= David C. Cannatella =

David C. Cannatella (born December 25, 1954 ) is an American herpetologist, systematist, zoologist, and professor of integrative biology at the University of Texas at Austin.

Cannatella earned a Bachelor of Science degree at the University of Southwestern Louisiana in 1976. He then studied systematics and ecology at the University of Kansas, receiving his Ph.D. under the supervision of Linda Trueb in 1985. His dissertation was on the phylogeny of primitive frogs (archaeobatrachians).

From 1986 to 1988, he completed postdoctoral studies under the supervision of David B. Wake and Marvalee H. Wake at the University of California, Berkeley. From 1988 to 1990 he was an assistant professor and curator at the Museum of Natural Science and the Department of Zoology and Physiology at Louisiana State University in Baton Rouge. In 1990, he became curator at the Texas Memorial Museum at the University of Texas at Austin. From 1995 to 2000 he was a senior lecturer in the Department of Zoology at the University of Texas at Austin, and from 2001 to 2004 in the renamed Department of Integrative Biology. He was associate professor from 2005 to 2007, and since 2007, he has been a full professor in the department. In 2023, he was named department chair of the Department of Integrative Biology.

Cannatella was president of the American Society of Ichthyologists and Herpetologists in 2002-2003 and president of the Society of Systematic Biologists in 2004–2005. In 2011–2012, he did research as a Fulbright Scholar in Brazil.

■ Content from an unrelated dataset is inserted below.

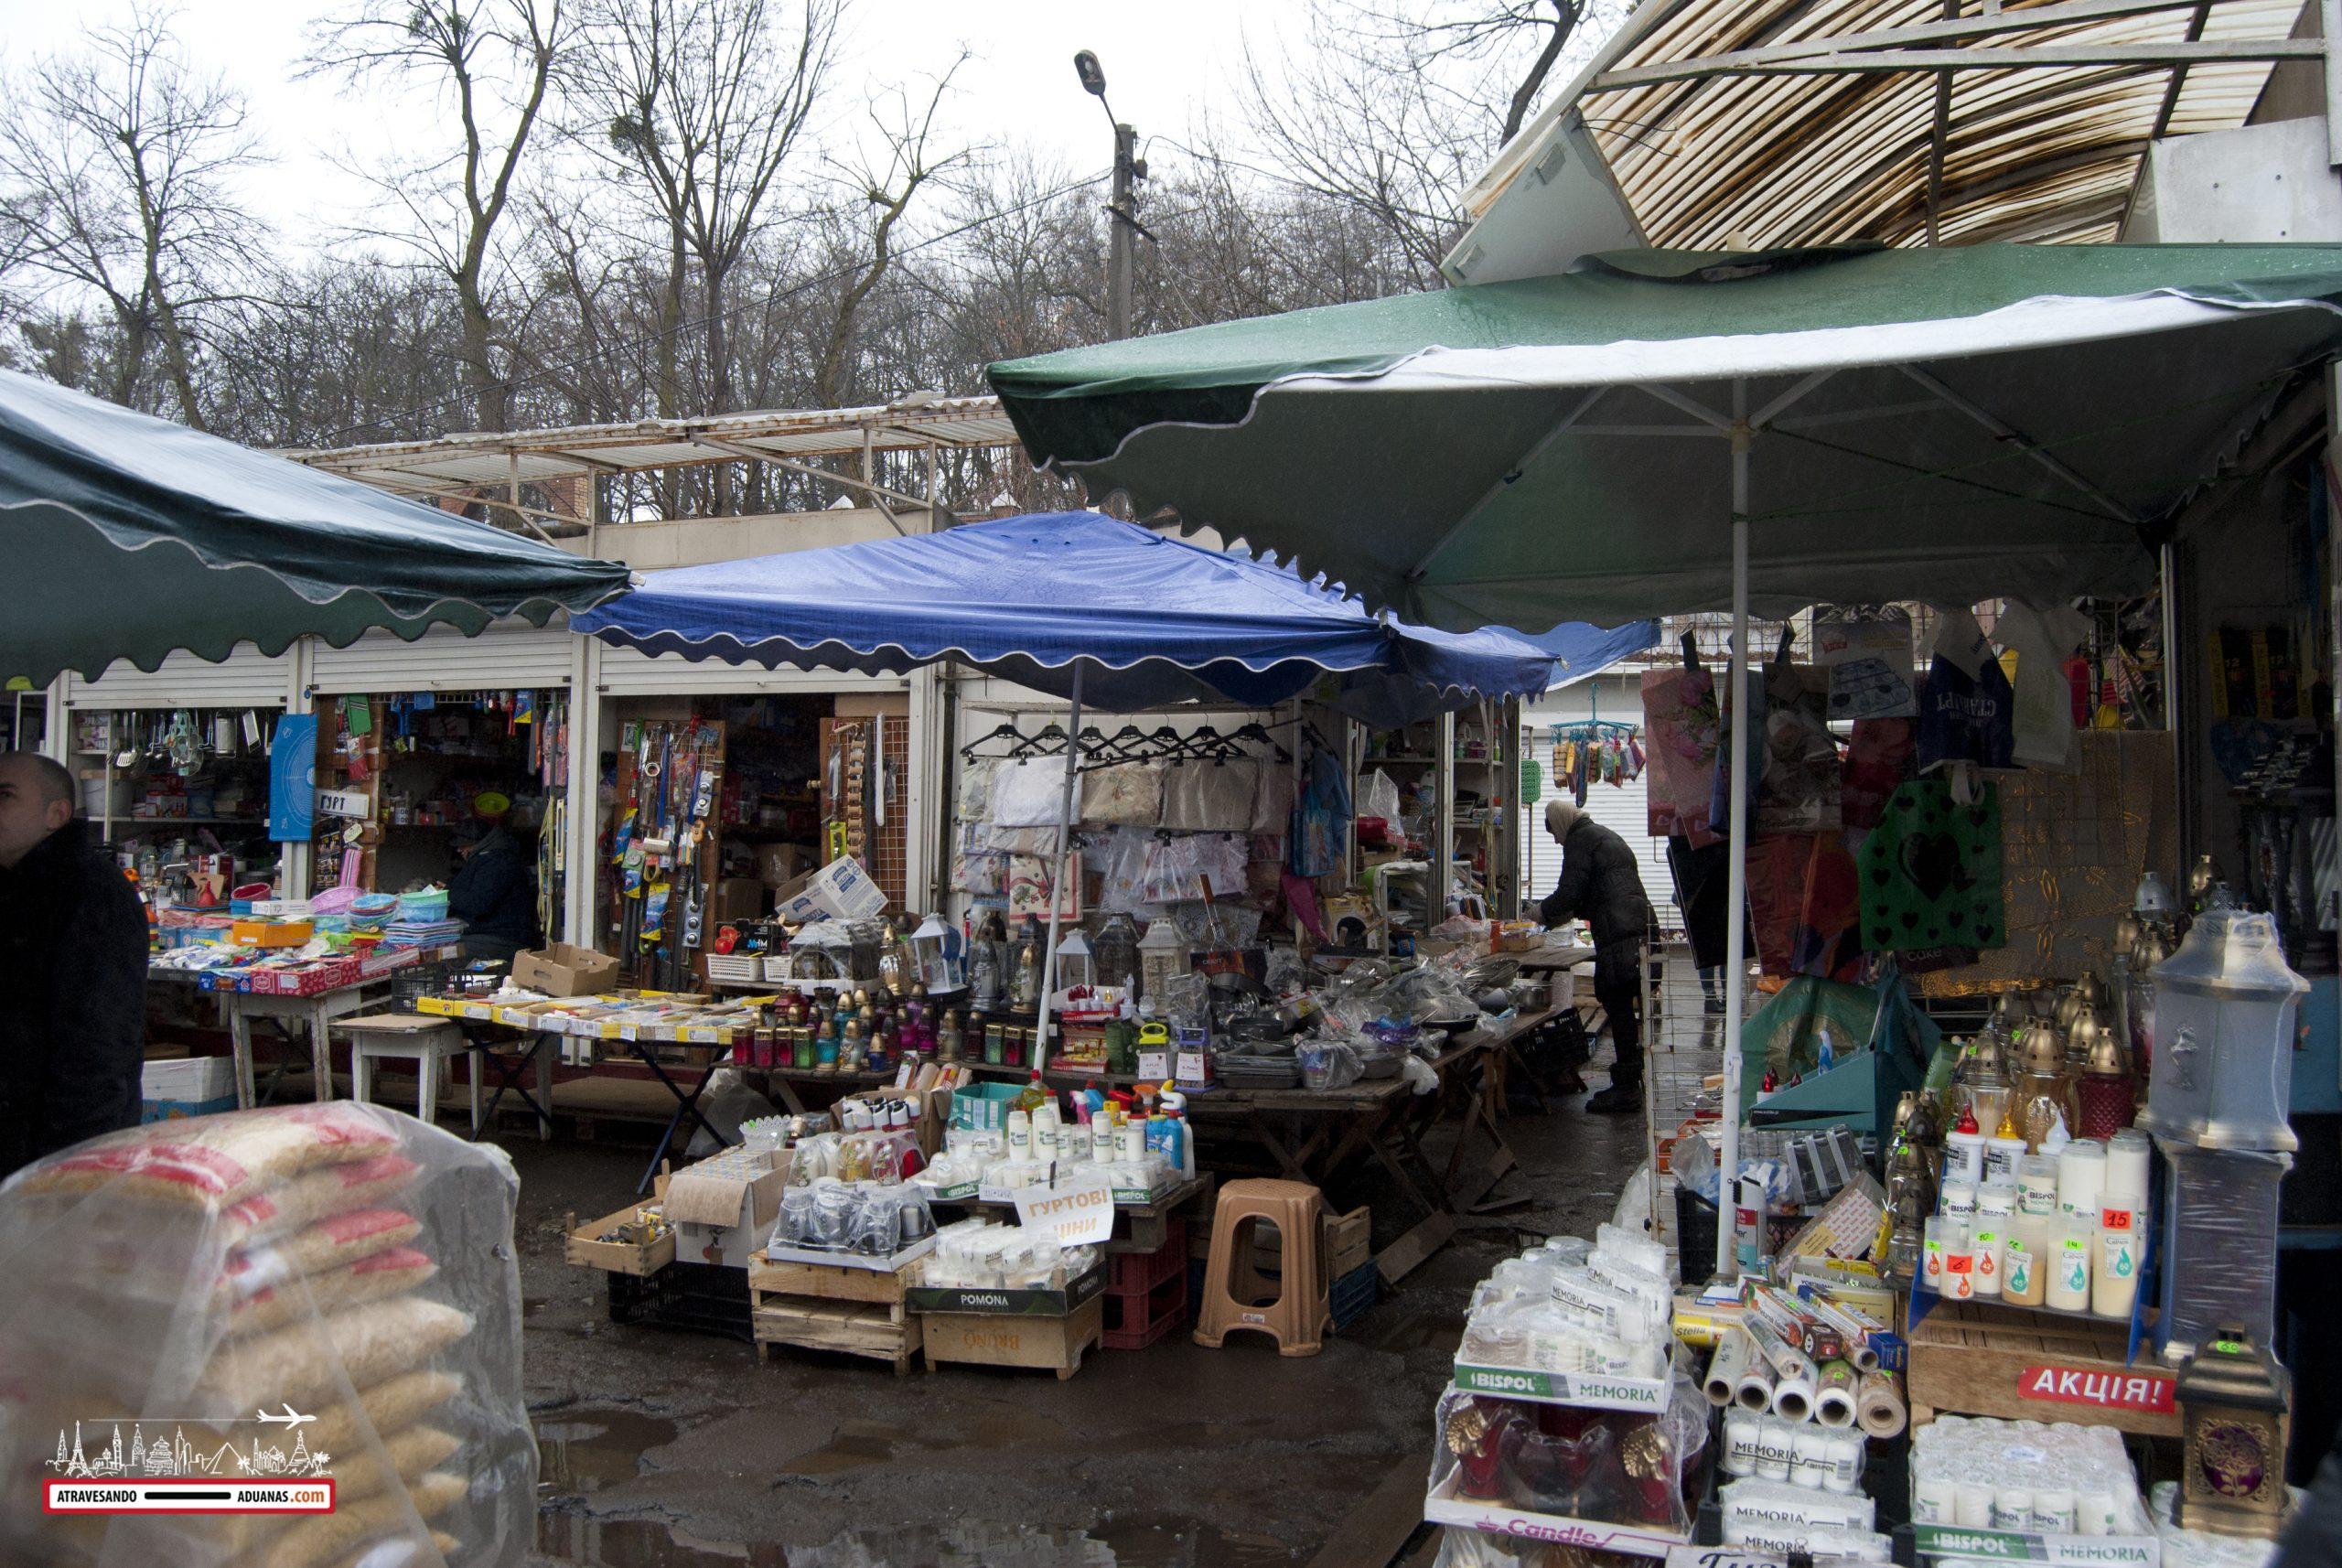 mercado exterior de krakivsky, lviv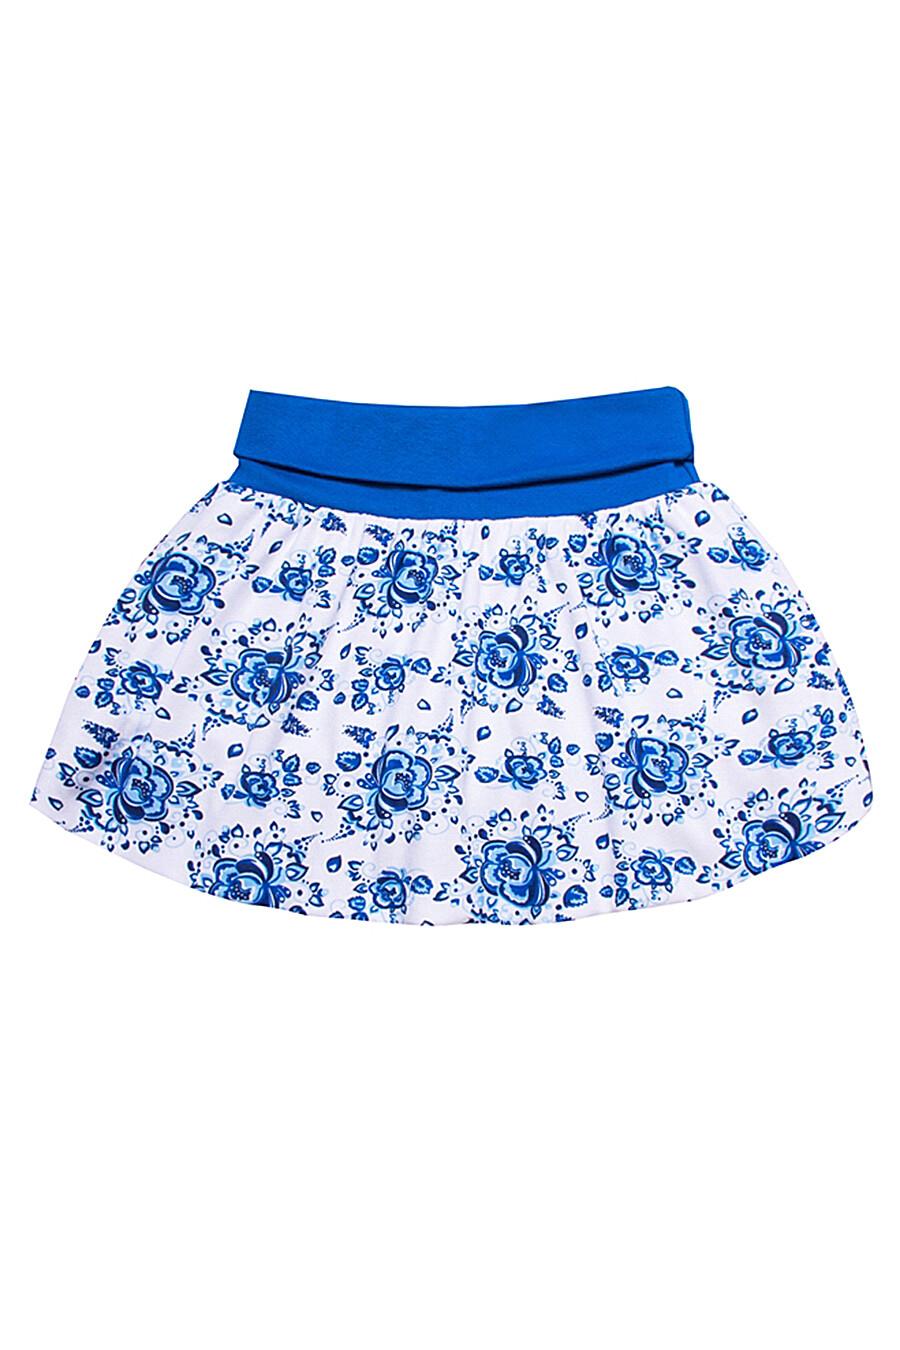 Юбка для девочек АПРЕЛЬ 699920 купить оптом от производителя. Совместная покупка детской одежды в OptMoyo

Cannatella is a contributor to the Tree of Life Web Project, where he writes about the superorder Salientia.

==Research interests==
Cannatella's lab studies a wide range of topics, but all linked by a model-clade perspective of amphibians. Topics include

- Mimicry, diet specialization, and origins of defense in Poison Frogs
- Systematics, phylogeography, and biodiversity of Neotropical frogs
- Evolution of acoustic communication
- Ecophysiology of thermoregulation and reflectance
- Evolution of early birds
- Phylogenomics of amphibians
- Timetree calibrations based on frog fossils
- Species delimitation in spring and cave salamanders (Eurycea)
- Evolutionary patterns in morphological traits

== First descriptions of taxa by Cannatella ==
Cannatella is credited with the first descriptions of the following taxa:

- Atelopus lynchi
- Atelopus peruensis
- Cochranella bejaranoi
- Cochranella phenax
- Cochranella pluvialis
- Engystomops coloradorum
- Engystomops guayaco
- Engystomops montubio
- Engystomops randi
- Frostius pernambucensis
- Hyalinobatrachium bergeri
- Hylomantis psilopygion
- Hypodactylus lucida
- Lynchius nebulanastes
- Osornophryne talipes
- Phyllomedusa atelopoides
- Phyllomedusa duellmani
- Phyllomedusa ecuatoriana
- Pristimantis achuar
- Pristimantis altamnis
- Pristimantis kichwarum
- Pseudacris fouquettei
- Truebella
- Truebella skoptes
- Truebella tothastes

== Honors ==
In 2012, the frog species Aromobates cannatellai and Osteocephalus cannatellai were named after Cannatella. The species Hypotdactylus lucida and Osornophryne talipes, described by Cannatella in 1984 and 1986 respectively have the trivial names "Cannatella's Andes Frog" and "Cannatella's Plump Toad".